Craig Wright’s claim of inventing bitcoin may get him arrested for perjury

Not the real Satoshi —

UK judge refers Wright to prosecutors, suggests arrest warrant and extradition.

Craig Wright walking on the street, wearing a suit and tie.

Enlarge / Dr. Craig Wright arrives at the Rolls Building, part of the Royal Courts of Justice, on February 6, 2024, in London, England.

A British judge is referring self-proclaimed bitcoin inventor Craig Wright to the Crown Prosecution Service (CPS) to consider criminal charges of perjury and forgery. The judge said that CPS can decide whether Wright should be arrested and granted two injunctions that prohibit Wright from re-litigating his claim to be bitcoin inventor Satoshi Nakamoto.

“I have no doubt that I should refer the relevant papers in this case to the CPS for consideration of whether a prosecution should be commenced against Dr. Wright for his wholescale perjury and forgery of documents and/or whether a warrant for his arrest should be issued and/or whether his extradition should be sought from wherever he now is. All those matters are to be decided by the CPS,” Justice James Mellor of England’s High Court of Justice wrote in a ruling issued today.

If Wright actually believes he is Nakamoto, “he is deluding himself,” Mellor wrote.

Mellor previously found that Wright “lied repeatedly and extensively” and forged documents “on a grand scale” in a case related to Wright’s claim that he is Nakamoto. The case began when Wright was sued by the nonprofit Crypto Open Patent Alliance (COPA), which said its goal was to disprove Wright’s bitcoin-inventing claim and stop him from claiming intellectual property rights to the system.

Wright’s location unknown

Wright’s location is unknown, today’s ruling said. “The evidence shows that Dr. Wright has left his previous residence in Wimbledon, appears to have left the UK, has been said to be traveling and was last established to be in the time zone of UTC +7,” Mellor wrote.

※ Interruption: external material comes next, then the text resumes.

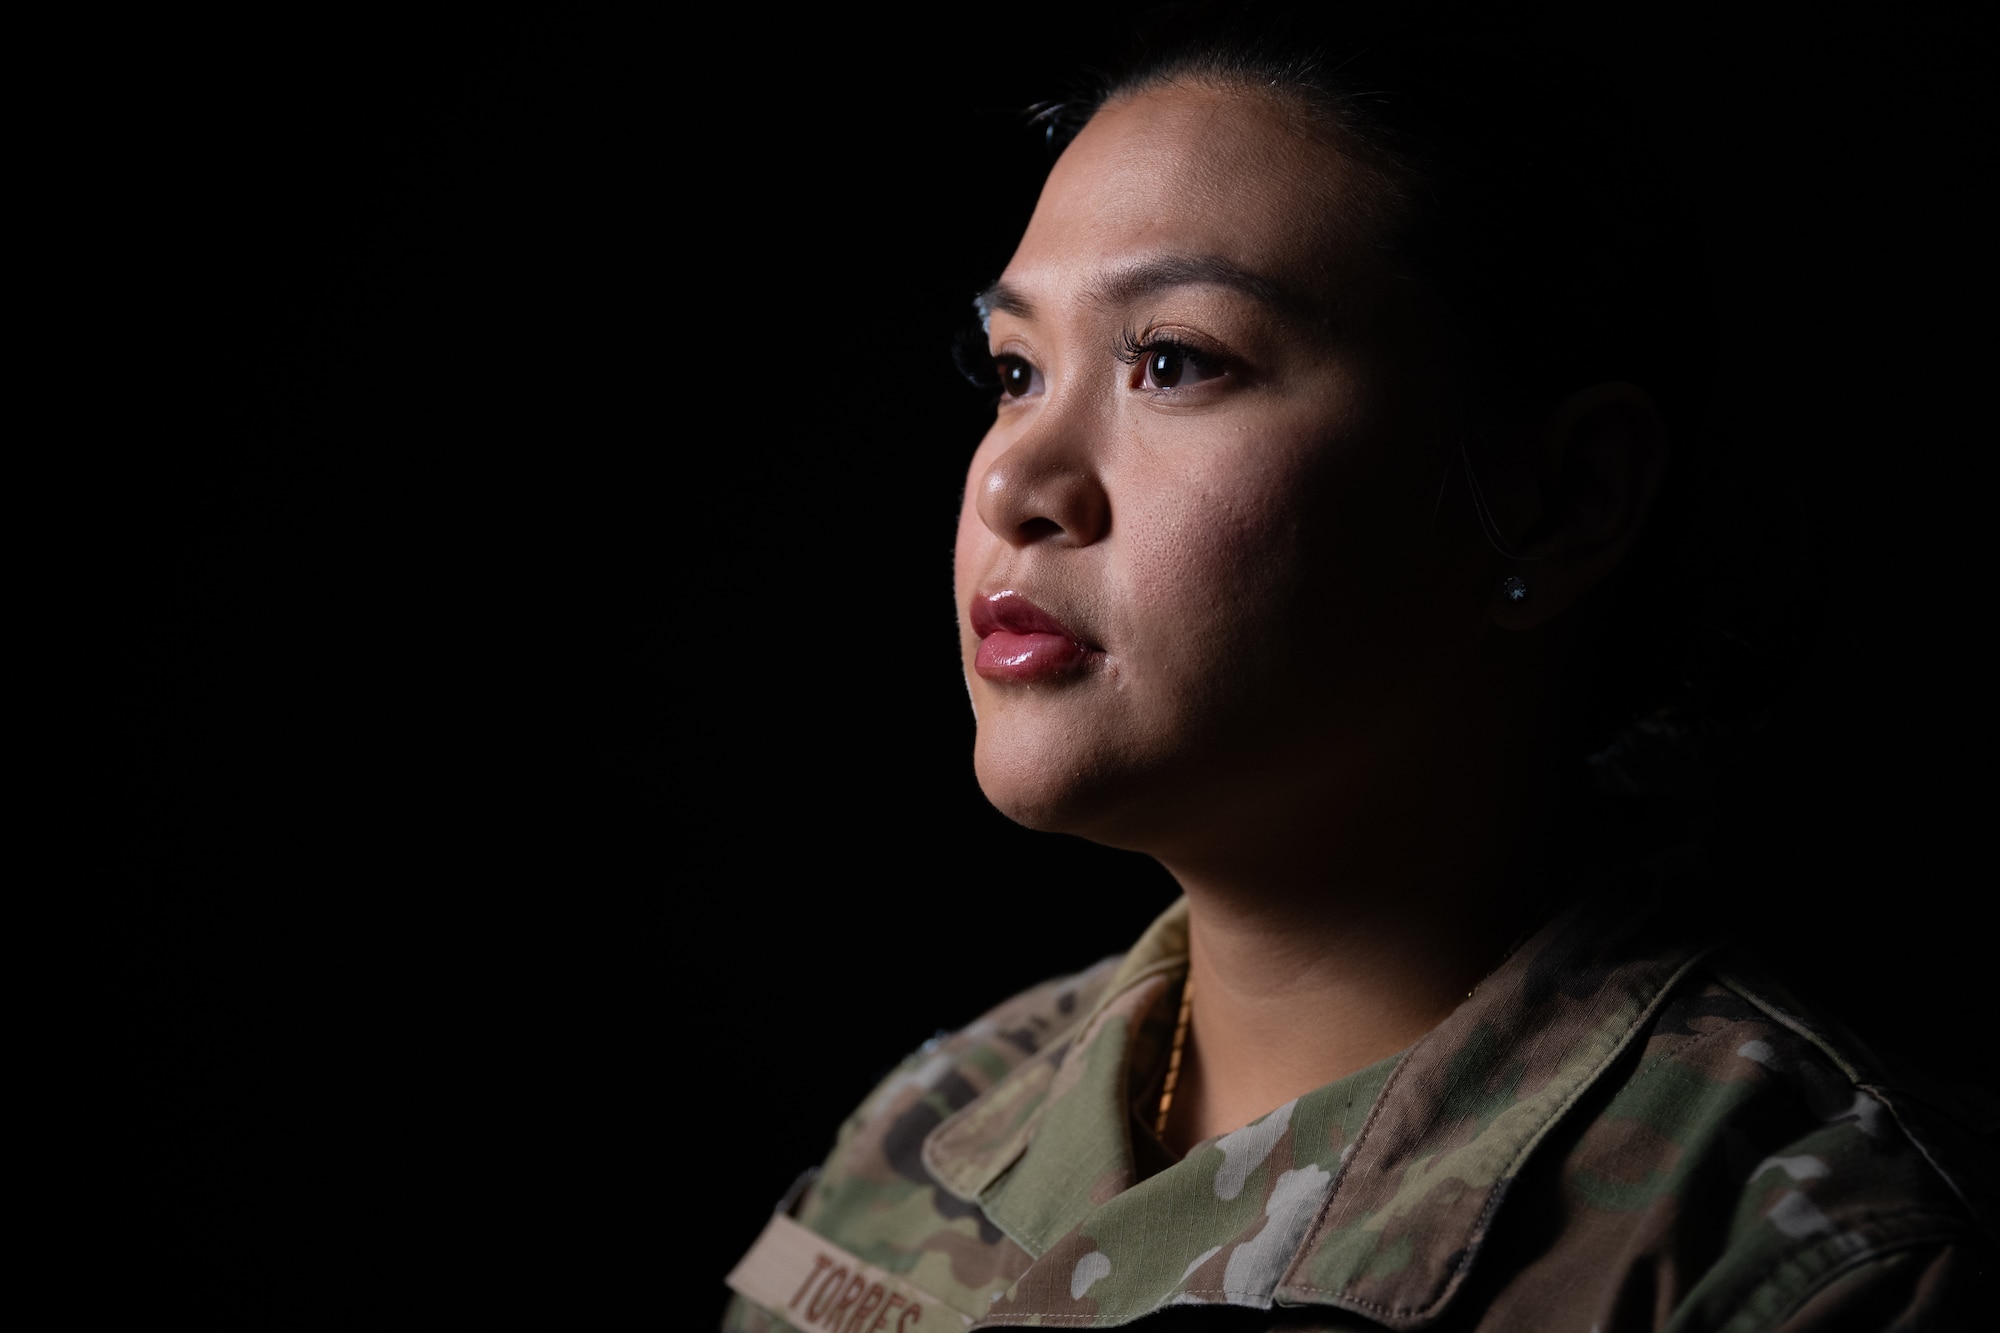 U.S. Air Force Staff Sgt. Myka Torres, a 1st Special Operations Security Forces Squadron base defense operations center controller, poses for a photo at Hurlburt Field, Florida, Feb. 6, 2024. The Air Force builds multi-capable Airmen through language based programs in order to enhance global communication, foster cultural understanding, and empower personnel with the diverse skills needed to navigate complex international environments and missions. (U.S. Air Force photo by Senior Airman Alysa Calvarese)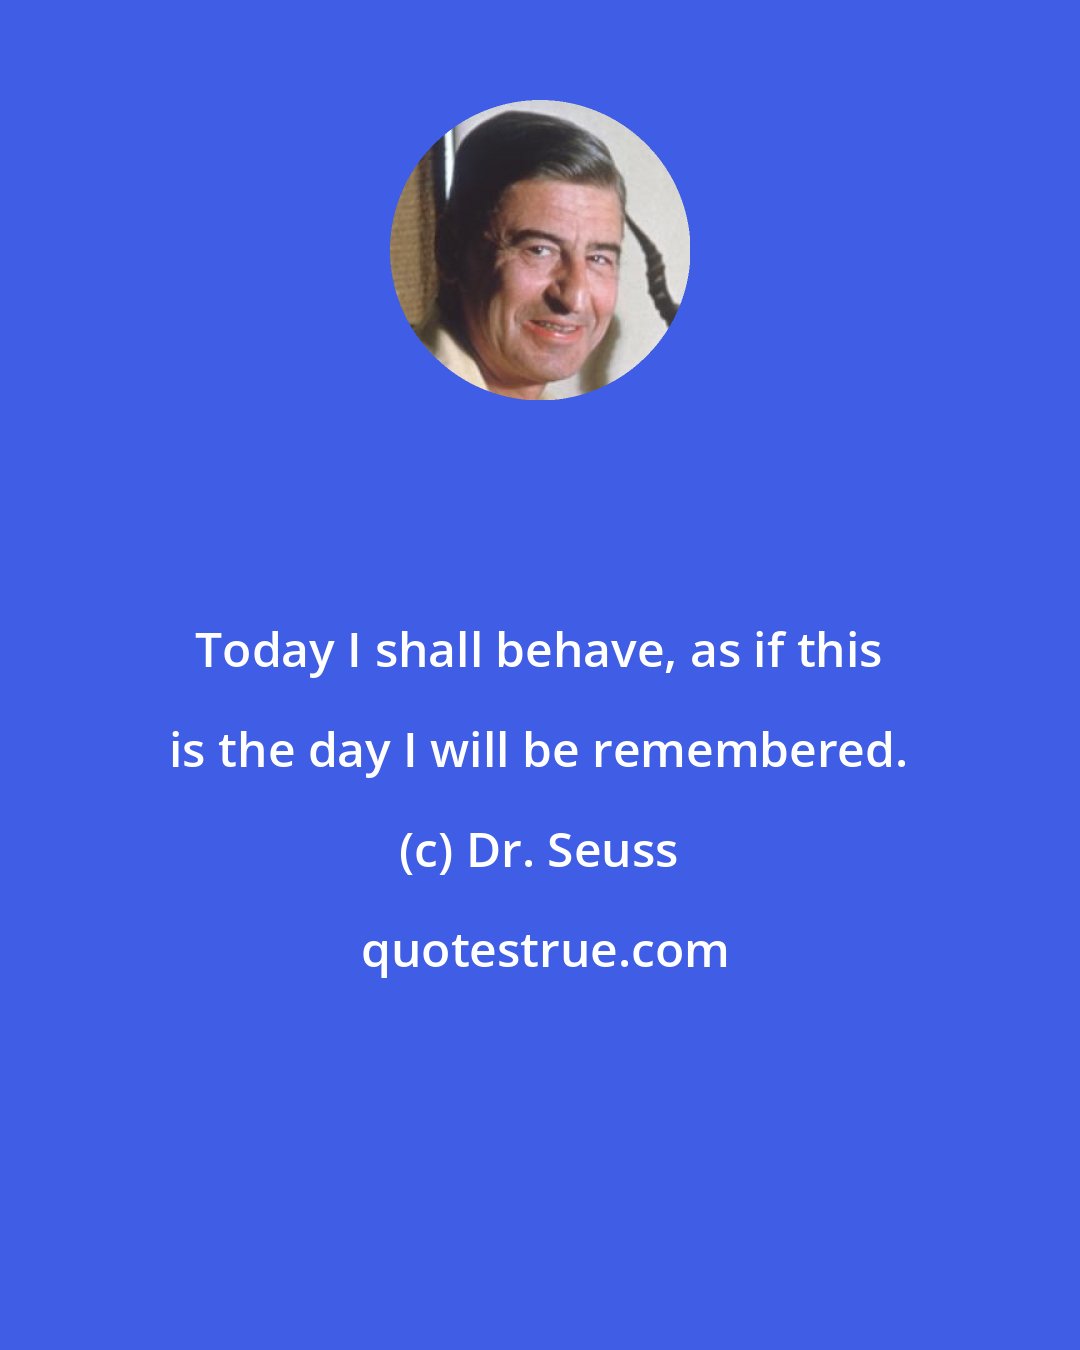 Dr. Seuss: Today I shall behave, as if this is the day I will be remembered.

COPA asked Mellor “to dispense with personal service of the final Order on Dr. Wright” because his whereabouts are a mystery. COPA told the court that “Dr. Wright may either be deliberately evading service or at least is peripatetic and is very difficult to locate.” Mellor wrote that COPA’s view “seems to me to be fully justified and warrants the order which COPA seeks as to service of my final Order on Dr. Wright at his solicitors.”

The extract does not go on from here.